Experienced teachers approach this topic by grounding analysis in concrete moments before expanding to big ideas. Start with short, vivid passages where power is exercised or class is signaled through a single word or gesture. Avoid overloading students with theory first, as abstract concepts like agency or hegemony lose meaning without textual anchors. Research shows that students grasp social structures better when they trace how small details accumulate into larger patterns.

Successful learning looks like students confidently connecting textual details to broader social structures, using evidence to explain how class and power shape outcomes. They should articulate clear links between language choices, character actions, and societal constraints or privileges, not just summarize plot.

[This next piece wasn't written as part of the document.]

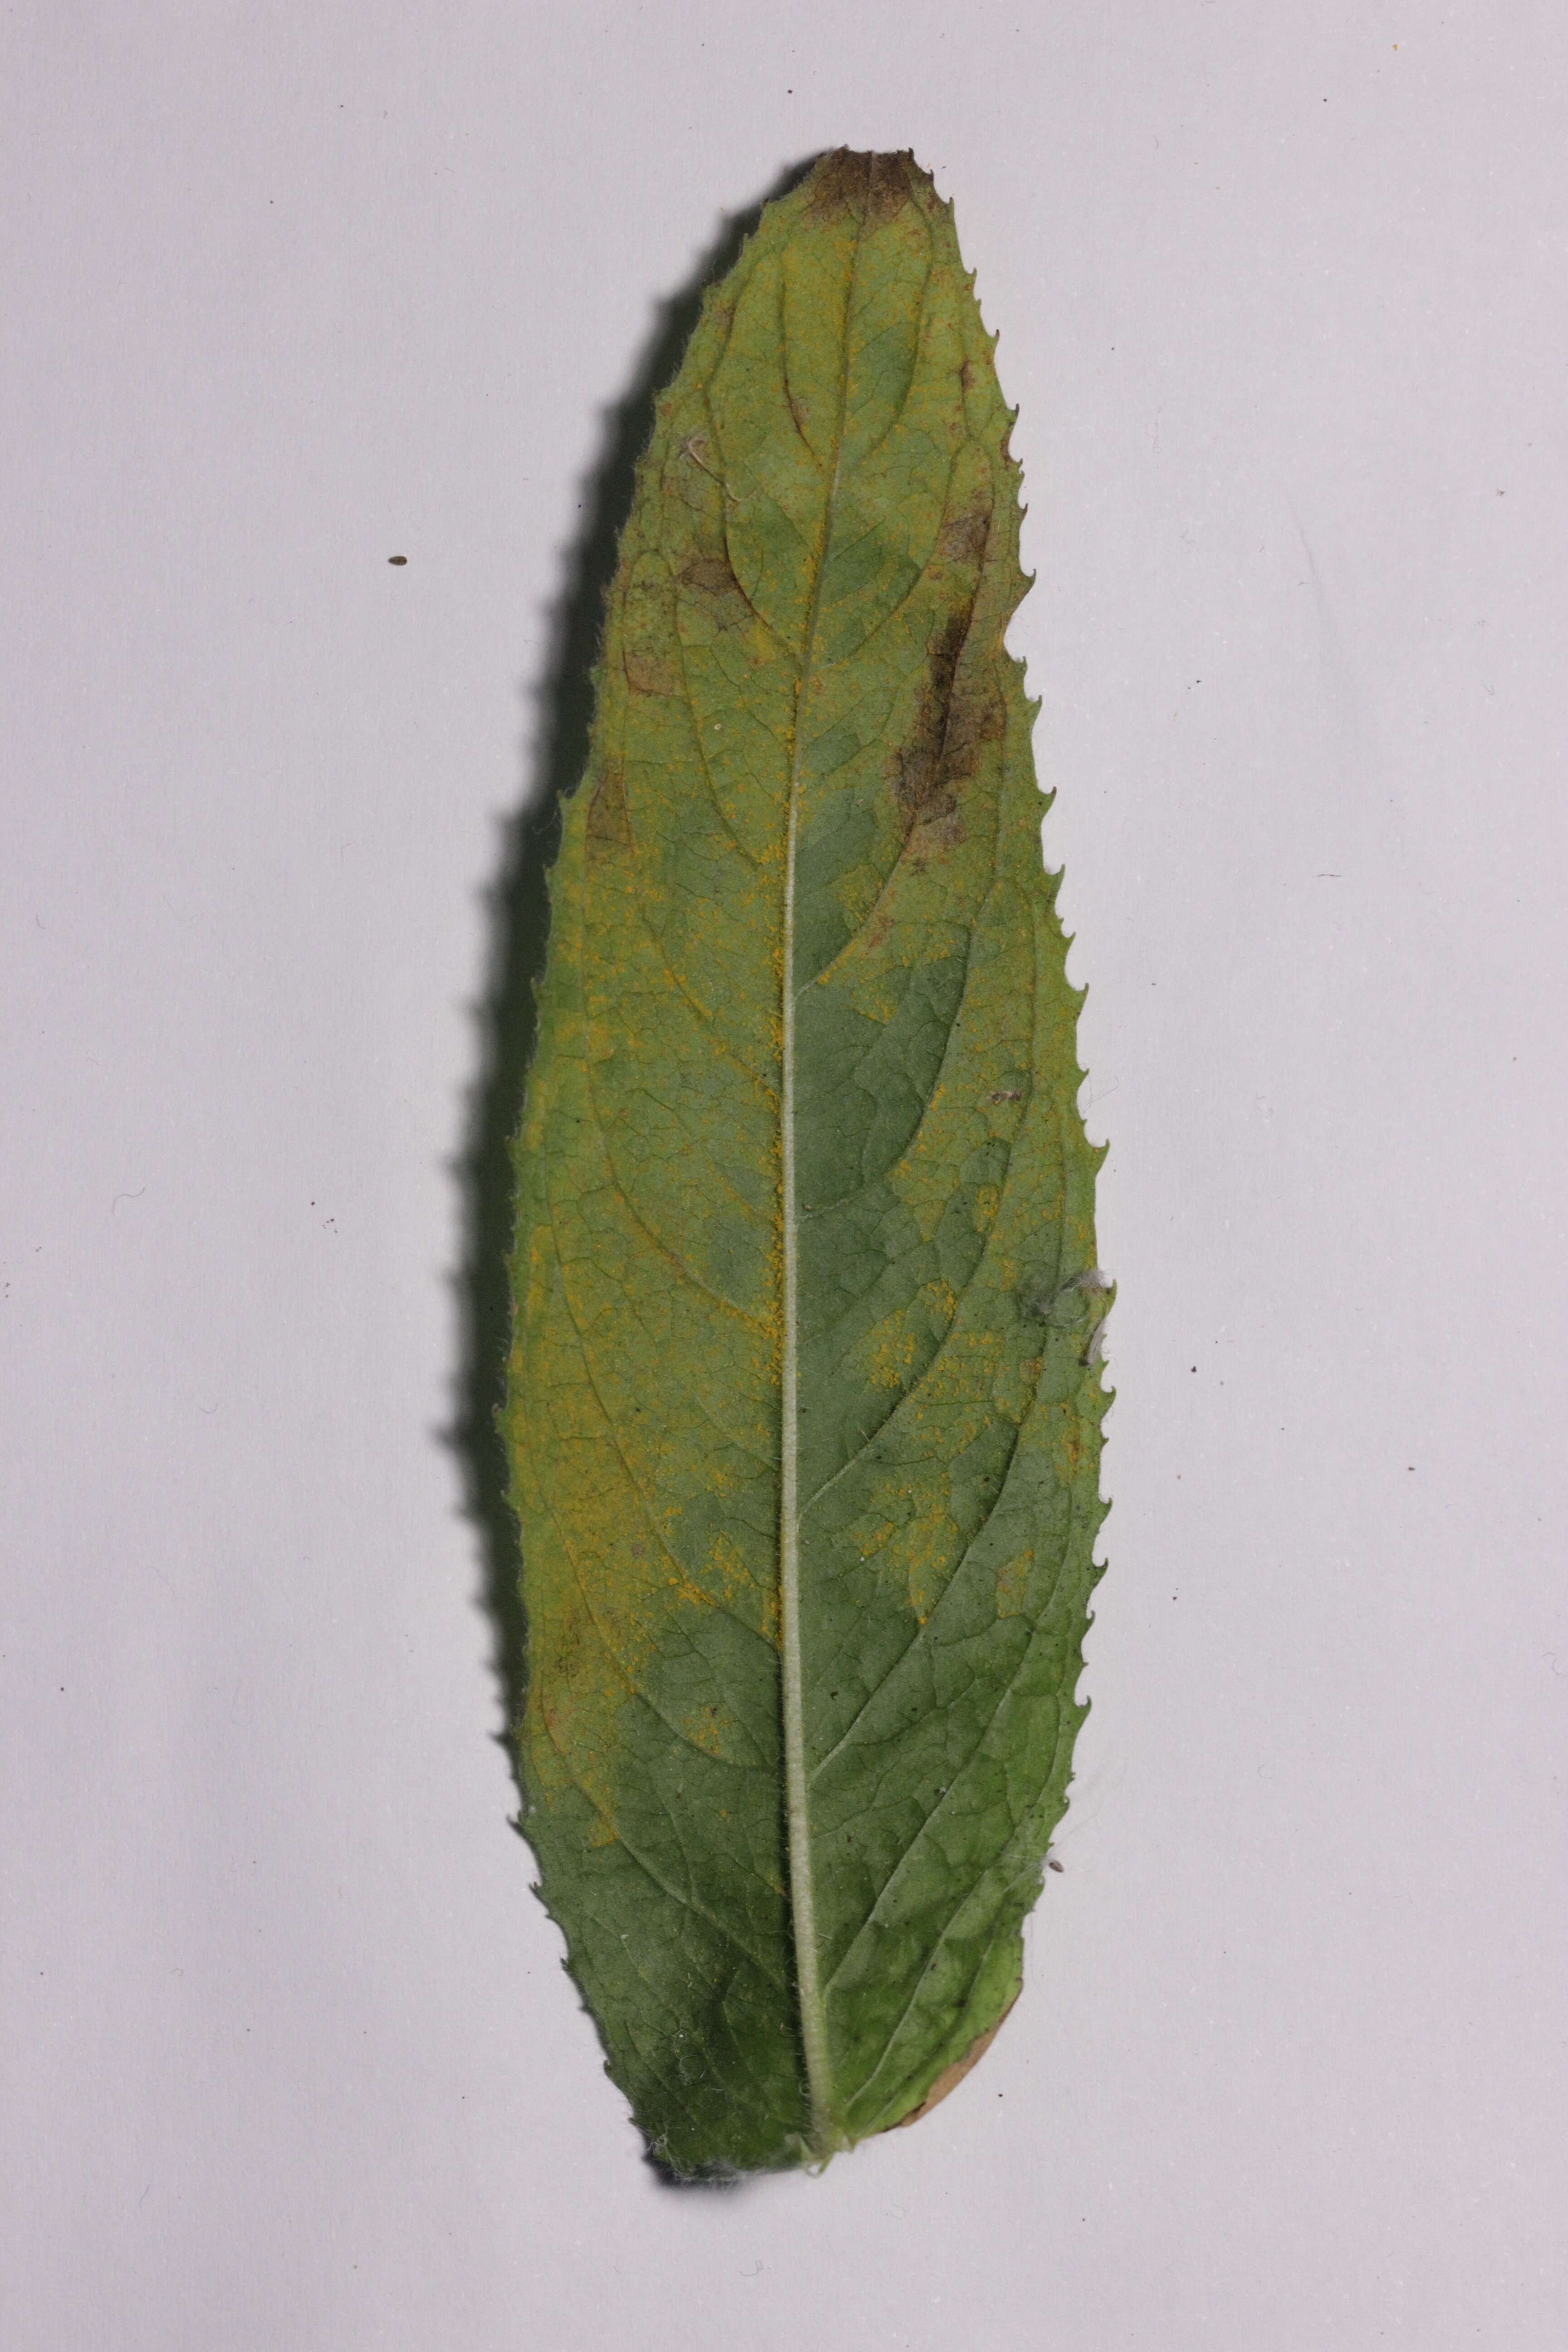 Image of Rust of Fuchsia

Watch Out for These Misconceptions

  • During Jigsaw Protocol: Class Influences on Characters, watch for students assuming only poor characters are affected by class.

    Use the jigsaw’s expert groups to assign characters across the social spectrum, and require each group to find at least one example of class privilege or exclusion, not just hardship.

  • During Debate Circles: Inequality Challenges, watch for students treating power as static and unchanging.

    Prompt debaters to use specific textual moments to show how power shifts, such as alliances forming or breaking, and require evidence from at least two different points in the text.

  • During Power Mapping: Visual Diagrams, watch for students thinking inequality is only a historical issue.

    Have pairs compare their maps to modern scenarios, such as school access programs or housing policies, and annotate the map with connections to today’s inequities.